La situation de l'historien est différente. Il ne travaille pas sur un corpus indépendant de l'histoire des hommes, puisque c'est précisément ce qu'il vise à reconstituer. L'histoire étudie les faits humains : les catégories mobilisées en amont de l'analyse sans remise en question deviennent problématiques. Soucieuse de l'interdiscours, des formations discursives ou des sujets sociaux en dialogue au cœur des stratégies discursives, l'histoire s'ancre dans l'humanité. La linguistique comme outil peut servir à soutenir une argumentation, avec des preuves ayant une valeur au niveau langagier : même historiquement daté, un corpus linguistique n'est pas une archive historienne. L'histoire et la linguistique n'étudient pas le même matériau, et n'adoptent pas la même perspective.

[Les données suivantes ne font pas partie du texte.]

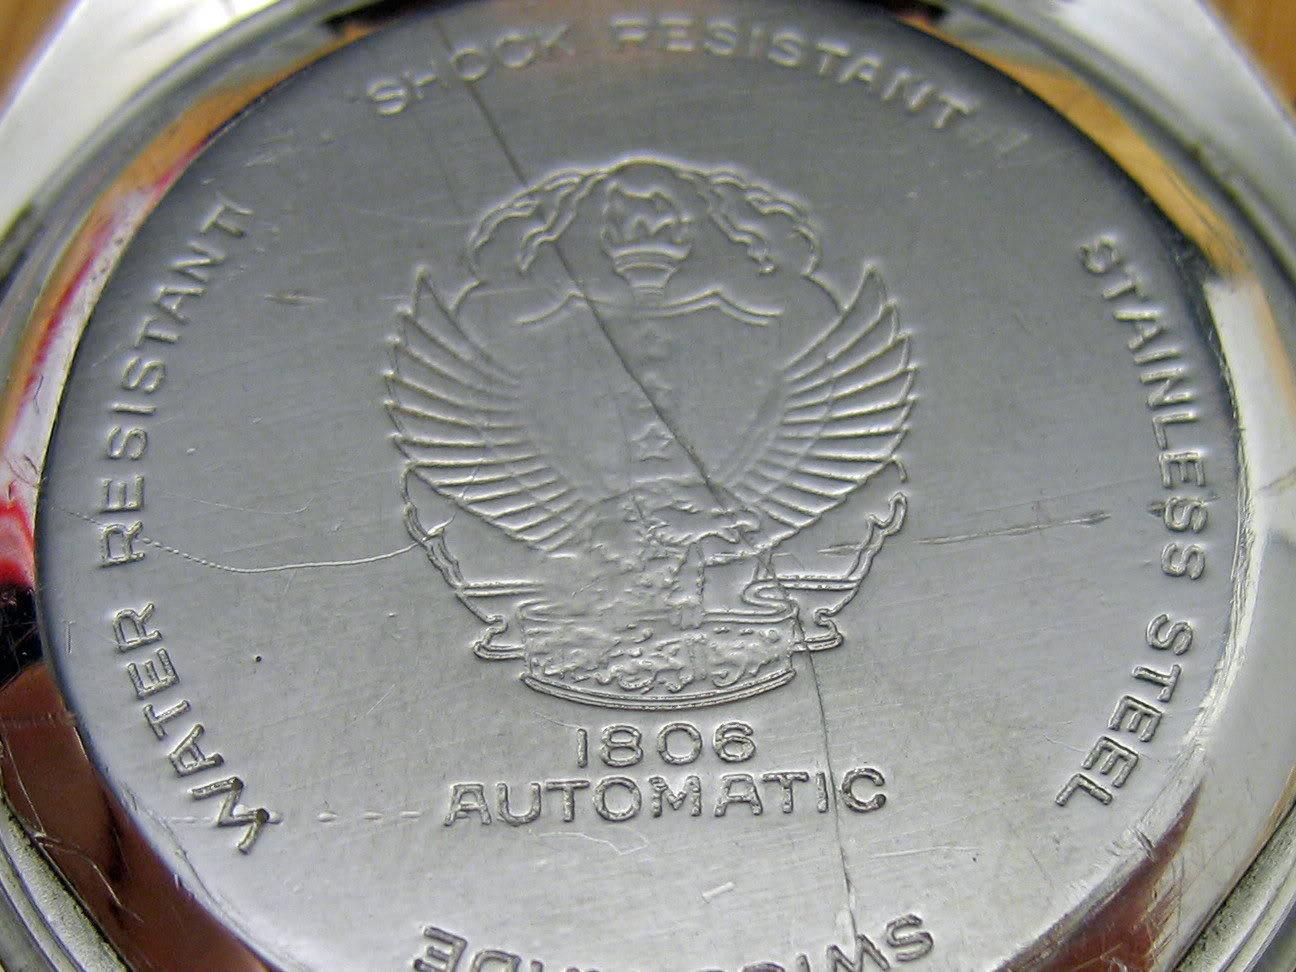 Les montres militaires : Votre avis Breitlingiraqiback

75 « L'histoire des linguistiques est définie dans un contexte de la philosophie marxiste comme l'étude scientifique des rapports de force et de domination dans les formations sociales concrètes. La prise en compte de l'histoire s'efface sans doute à mesure que le marxisme et les marxistes s'effacent dans le champ universitaire français » (Paveau, 2007 : 124)..

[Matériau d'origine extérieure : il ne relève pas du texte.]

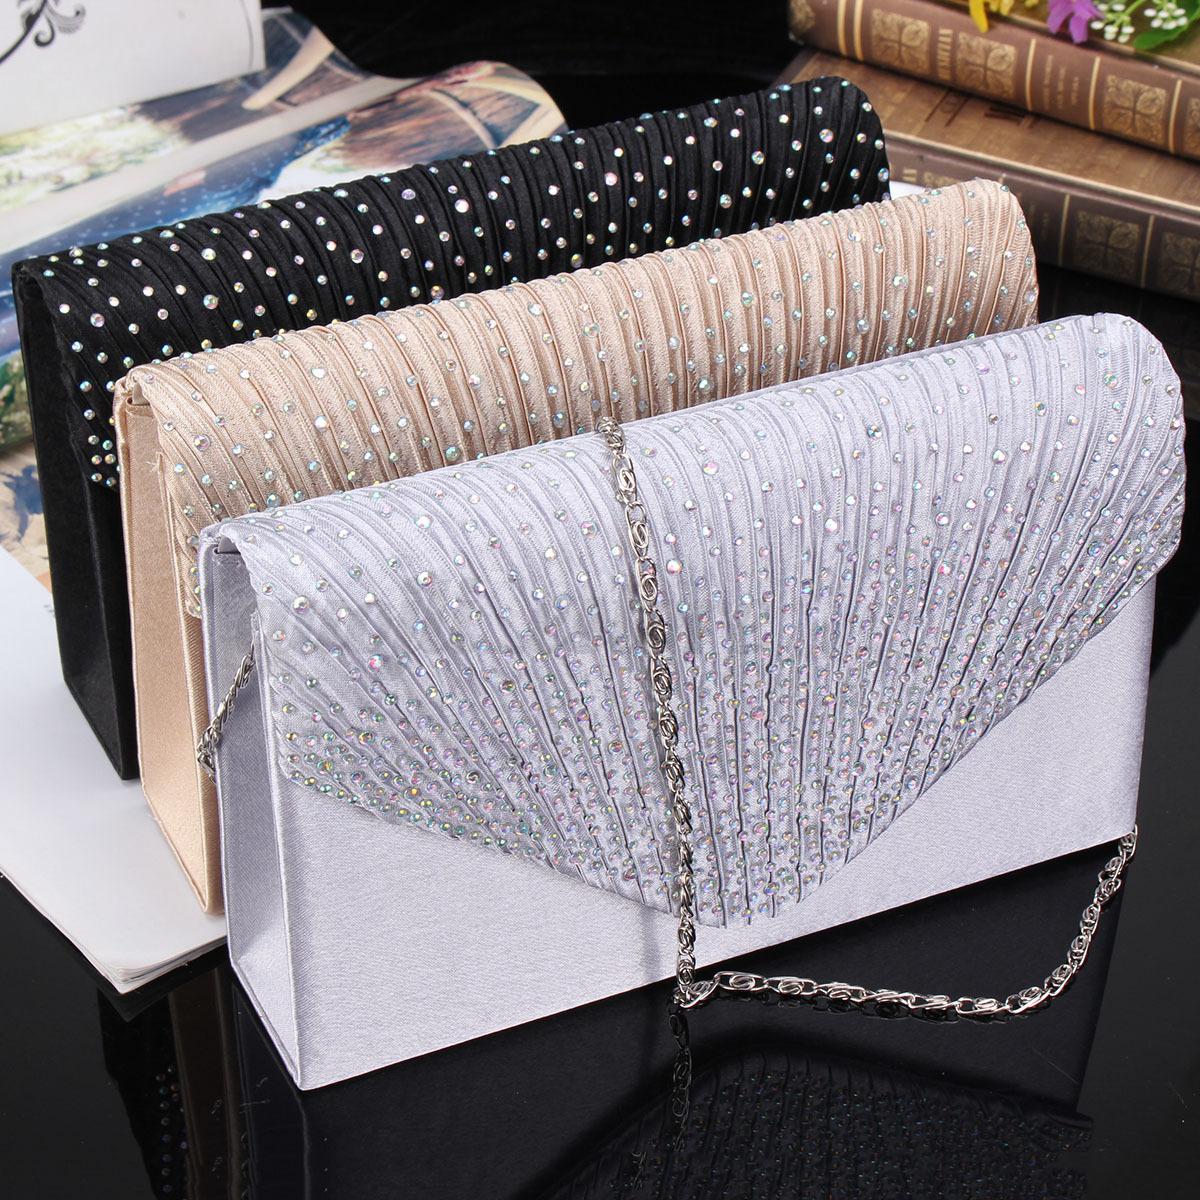 US-Women-Evening-Bag-Satin-Bridal-Clutch-Party-Envelope-Bag-Handbag-Small-Purse

Le lien qui unit l'histoire, la linguistique et la sociologie, lien inaliénable, est révélé par des travaux de recherche dans ces champs disciplinaires : les recherches menées dans un domaine font progresser aussi les autres disciplines. Jean Dubois est un exemple de linguiste qui a beaucoup apporté sur le terrain commun à l'histoire, à la sociologie et à la linguistique : sa thèse portait sur le vocabulaire politique et social en France de 1869 à 1872 (Dubois, 1962). Linguiste de l'université de Nanterre, son travail et ses apports sont commentés dès 1963 dans Revue française de sociologie par Joffre Dumazedier76. Constatant l'intérêt de ces travaux pour la linguistique, il commente la thèse de Jean Dubois, publiée en 1962, et indique combien « ce livre de lexicologie constitue un événement pour la linguistique » (Dumazedier, 1963: 466)  puis précise que la sociologie n'est pas en reste, que « c'est un travail également important pour la sociologie » (Dumazedier, 1963: 466)  , confirmant par là l'intrication des études linguistiques portant sur le langage et de leur dimension sociologique.

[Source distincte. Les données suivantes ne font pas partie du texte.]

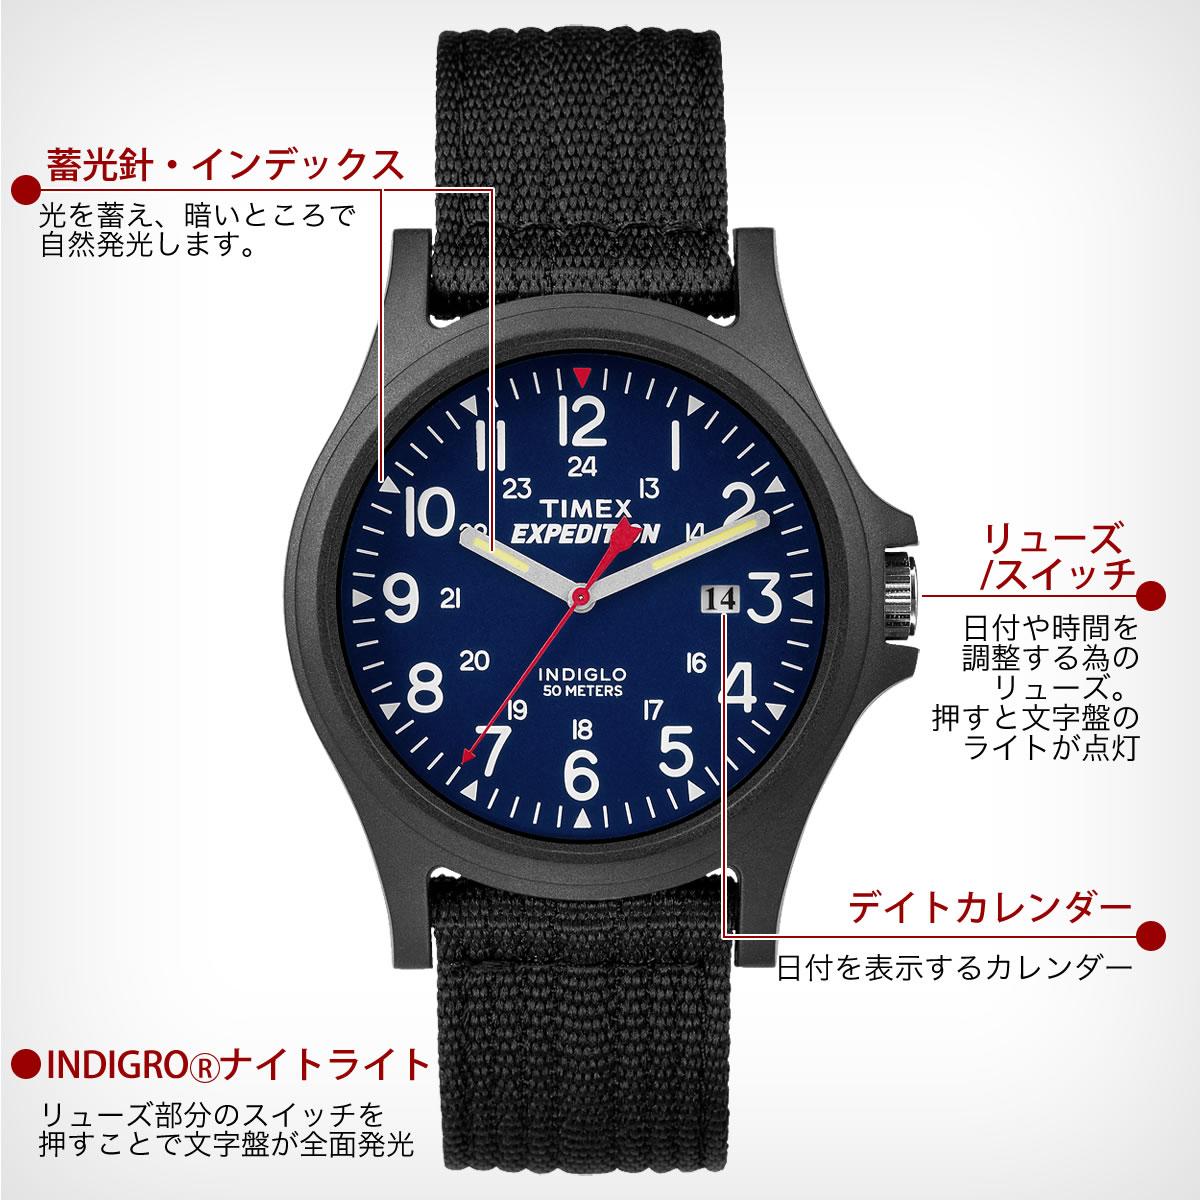 TIMEX Expedition  ACADIA ネイビー×ブラック 41mm TW4999900 機能詳細

S'il apporta tant à l'histoire, c'est que, pour Jean-Claude Chevalier, Jean Dubois acceptait et respectait les conditions des historiens : il suivait les tranches de temps découpées par les historiens, et s'appliquait à manipuler leurs supports, comme les tracts ou les affiches. Il leur permettait de mettre à l'épreuve leurs hypothèses, en leur apportantde précieuses informations77. Joffre Dumazier note cependant combien il est regrettable que Dubois parte d'une représentation trop schématique de la situation sociale. Il explique qu'il aborde avec simplicité, peut-être naïveté, les relations existant entre les événements historiques et les changements du vocabulaire social et politique (Dumazedier, 1963: 467)  ; mais ces simplifications ne remettent aucunement en question le point nodal que constitue l'articulation de la langue et du champ politique, matérialisée, entre autres, dans le lexique.